Here I was at the tender age of 18 and still relatively naive, about to embark on my first big adventure.

I’d booked flights only to Australia, I was armed with my Lonely planet guide, a 20KG backpack with sleeping bag and I was waiting with anticipation, excitement and nerves to board my Malaysian Airways flight to Sydney with a brief 12 hour stop over in Kuala Lumpar.

I had your typical fears of things that might bite in Australia, having listened to all the hype and horror stories. However, I have always had a be prepared mentality about me so I read up on all the things that might kill me. Oh yes, my research was done using Lonely Planet’s Healthy Travel Guide for Australia, NZ & the Pacific.

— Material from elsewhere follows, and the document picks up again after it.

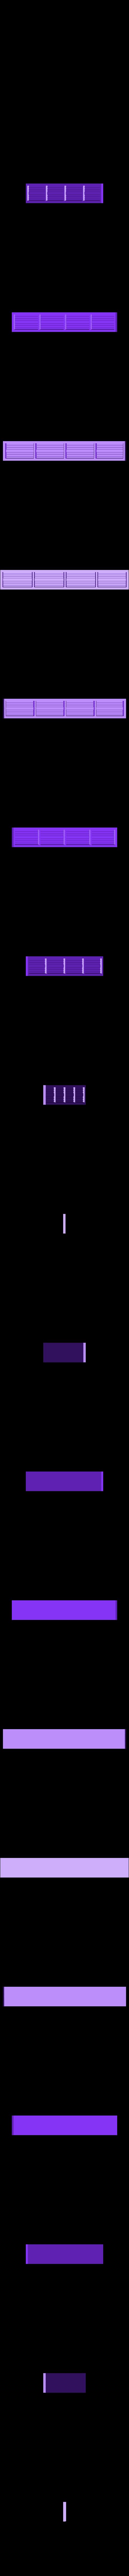 G Ridelle2.STL Download STL file Draisine Matisa for LGB • 3D printable object, biddle
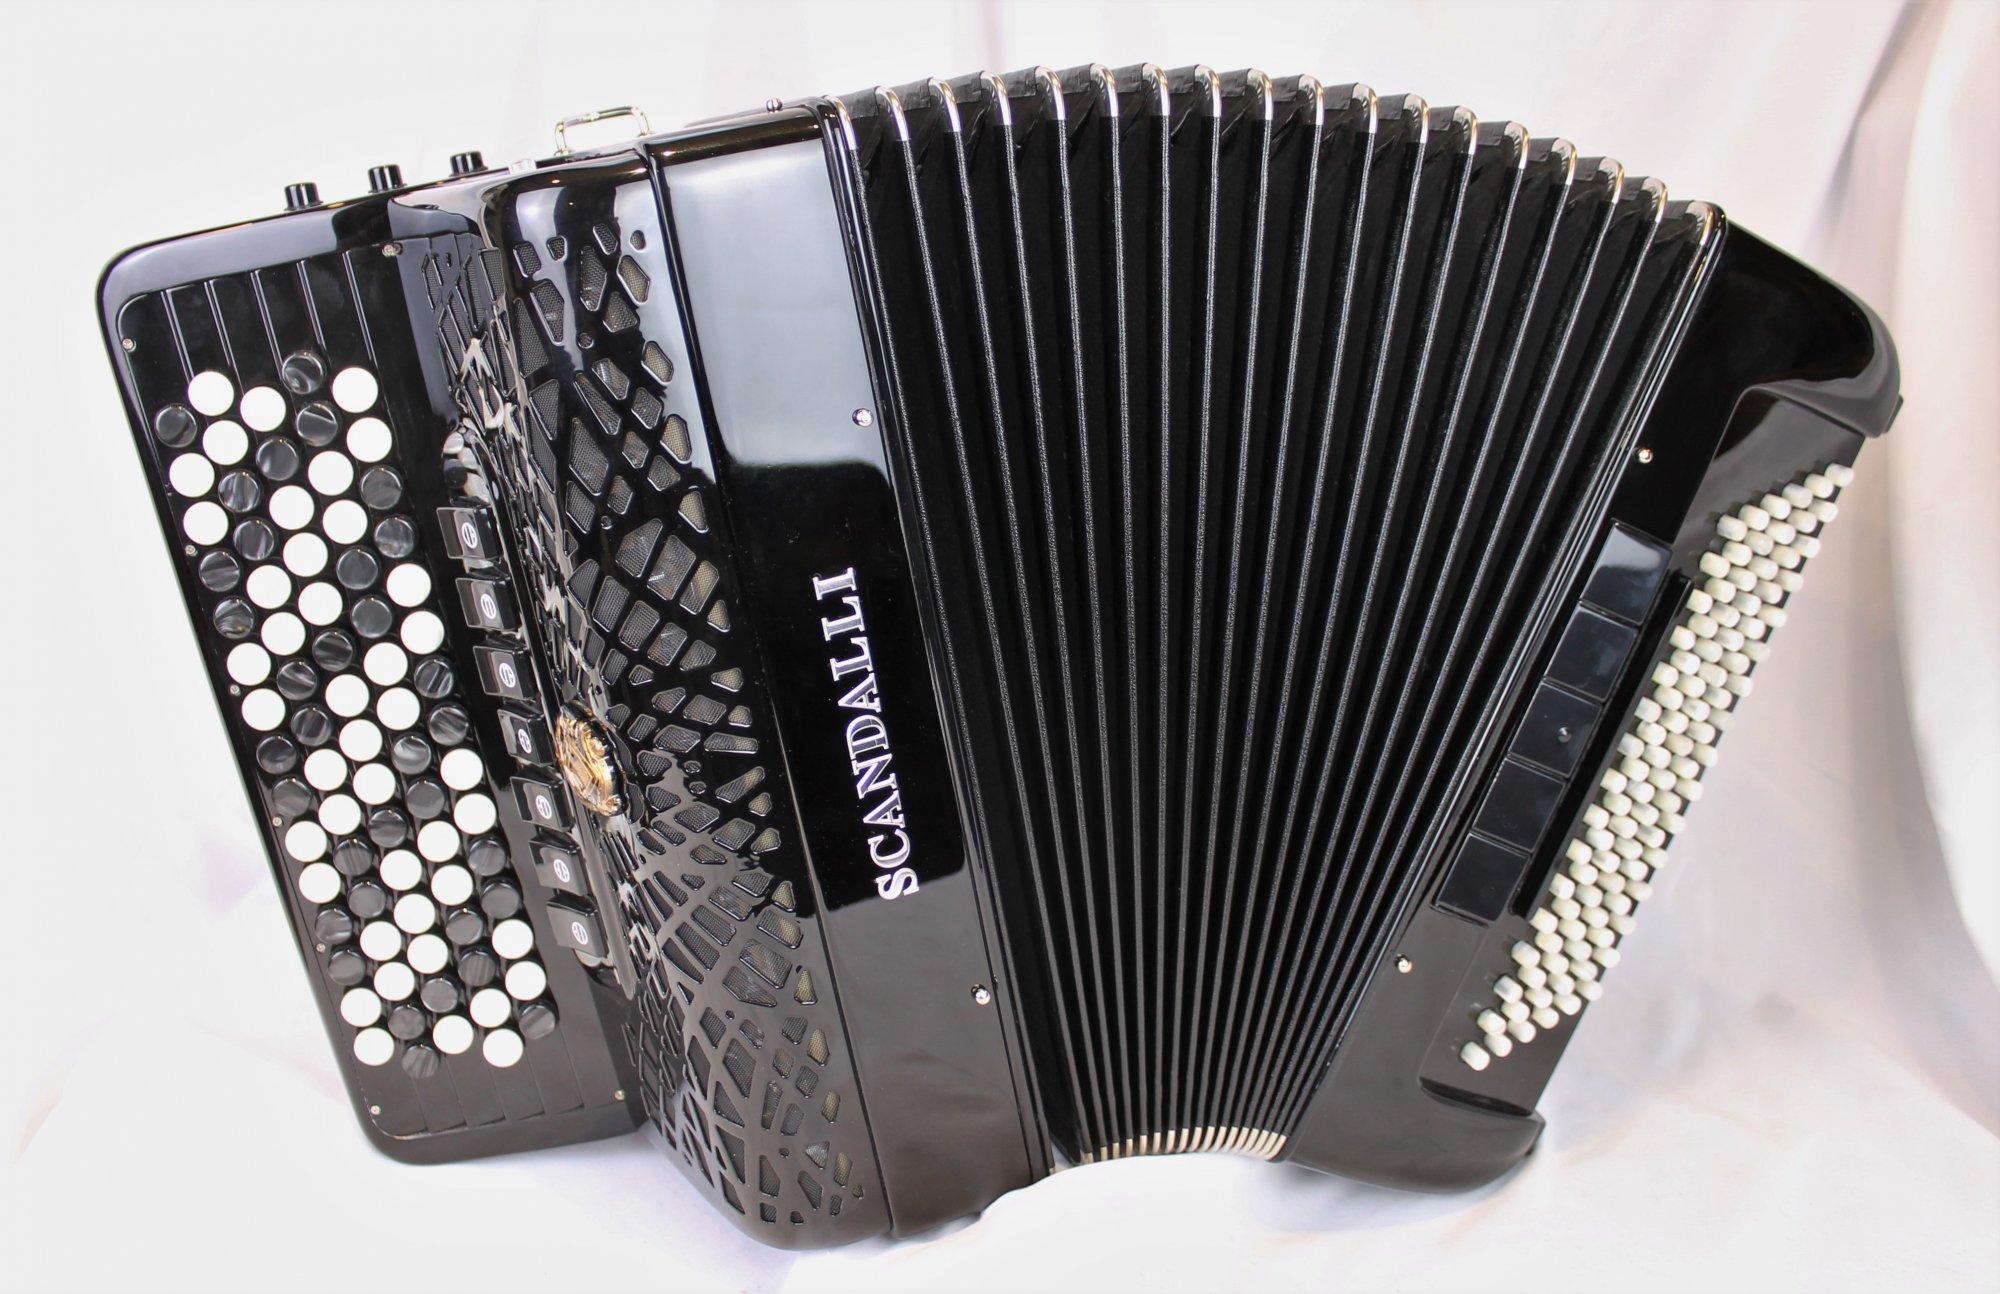 NEW Black Scandalli Conservatorio C 342 Chromatic Button Accordion Converter LMH 77 96

You always hear about the Funnel web and the red back spiders, but there is always one that is failed to be mentioned… The White-Tailed spider. At that point in time it was advised, if you were bitten by this spider, the venom rots your flesh and you may need amputation. The good news is current research now shows this is an extreme reaction. If only I’d known this back then, but we will get to that.

My 24 hour travel to Australia was pretty interesting, for the first part it was smooth with a little bit of turbulence. However, arriving at Kuala Lumpur airport and waiting for the connection was excruciating and the jet lag was setting in fast. I was not allowed to leave the airport and there were some weird and wonderful gifts that would give even the best of us with arachnophobia a cardiac. In frames, they had real dead spiders the size of dinner plates if not bigger. I was certainly naive to the existence of such sizeable spiders and that they had them in this part of the world. I was now starting to get very nervous.

I finally boarded the plane for the final 7 hours to Sydney and touch down was around 9am. During the flight, I had the Korean Olympic team climb over me, further depriving me of valuable sleep. My first three hours in Sydney, I came across 3 girls I would be sharing a dorm with from a town not far from my home back in the UK. My silent thoughts were, “I have flown 13,000 miles to find this???”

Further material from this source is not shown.